Wei Lin @ PKU

00103335: Deep Learning and Reinforcement Learning

Course Description

As highly successful and widely applied machine learning methods, deep learning and reinforcement learning are the core techniques underlying the latest major breakthroughs in the field of AI. Building on the general principles and methodology of machine learning and motivated by important practical problems, this course will introduce the basic concepts and methods, mathematical foundations and theory, optimization algorithms, and applications and case studies of deep learning and reinforcement learning.
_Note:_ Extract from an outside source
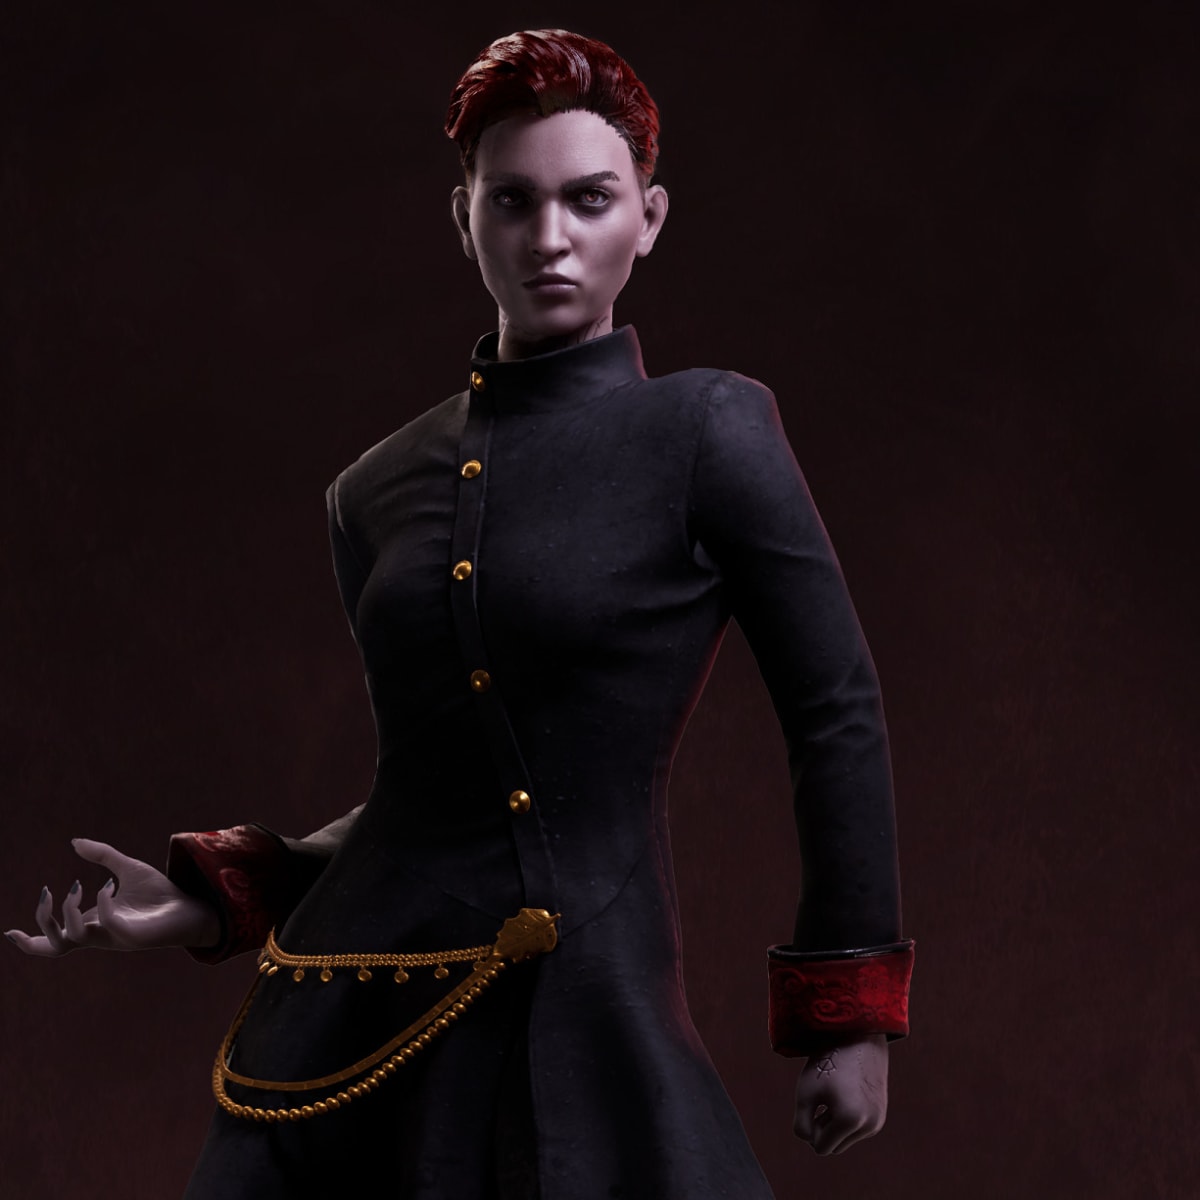 Vampire: The Masquerade - Bloodlines 2 introduces voiced main character  Phyre

The part on deep learning will cover feedforward neural networks, regularization and optimization for deep learning, convolutional neural networks, recurrent neural networks, and autoencoders and generative models; the part on reinforcement learning will cover multi-armed bandits, Markov decision processes, dynamic programming, Monte Carlo methods, temporal difference learning, and deep reinforcement learning.

Syllabus

Lectures and Assignments

Week	Date	Topics	References	Assignments	Notes
1	9/9	Introduction, machine learning basics	DL Sec. 5.1
2	9/14	Generalization, bias–variance trade-off	DL Secs. 5.2–5.4		See Belkin et al. (2019) for the double descent phenomenon and Hastie et al. (2022) for a theory in linear models.
	9/16	Inference principles, feedforward networks	DL Secs. 5.4–5.11, 6.1–6.3
3	9/23	Universal approximation, back-propagation	DL Secs. 6.4–6.6
4	9/28	Regularization for DL, weight decay	DL Secs. 7.1–7.5
	9/30	Early stopping, dropout	DL Secs. 7.8–7.14	Homework 1
5	10/7	Optimization for DL	DL Secs. 8.1–8.3
6	10/12	Initialization, adaptive algorithms	DL Secs. 8.4–8.7
	10/14	Convolutional networks	DL Chap. 9		See He et al. (2016) for residual networks.
7	10/21	Recurrent networks	DL Chap. 10	Homework 2
8	10/26	Reinforcement learning basics, multi-armed bandits	RL Chaps. 1 & 2
	10/28	Markov decision processes	RL Chap. 3
9	11/4	Dynamic programming	RL Chap. 4
10	11/9	Monte Carlo methods	RL Chap. 5		A recent progress on the open question about the convergence of MCES was made by Wang et al. (2022).
	11/11	Temporal difference learning	RL Chap. 6, Secs. 7.1–7.3, 12.1	Homework 3
11	11/18	Midterm exam			Mean = 43, median = 43.5, Q1 = 34, Q3 = 54.5, high score = 75
12	11/23	Autoencoders, approximate inference	DL Chaps. 14 & 19
	11/25	Deep generative models	DL Chap. 20		For diffusion models, see Sohl-Dickstein et al. (2015) and Ho, Jain & Abbeel (2020).
13	12/2	On-policy prediction with approximation	RL Chap. 9
14	12/7	On-policy control with approximation, policy gradient methods	RL Chaps. 10 & 13	Homework 4
	12/9	Oral presentations
15	12/16	Oral presentations			Written report due 12/21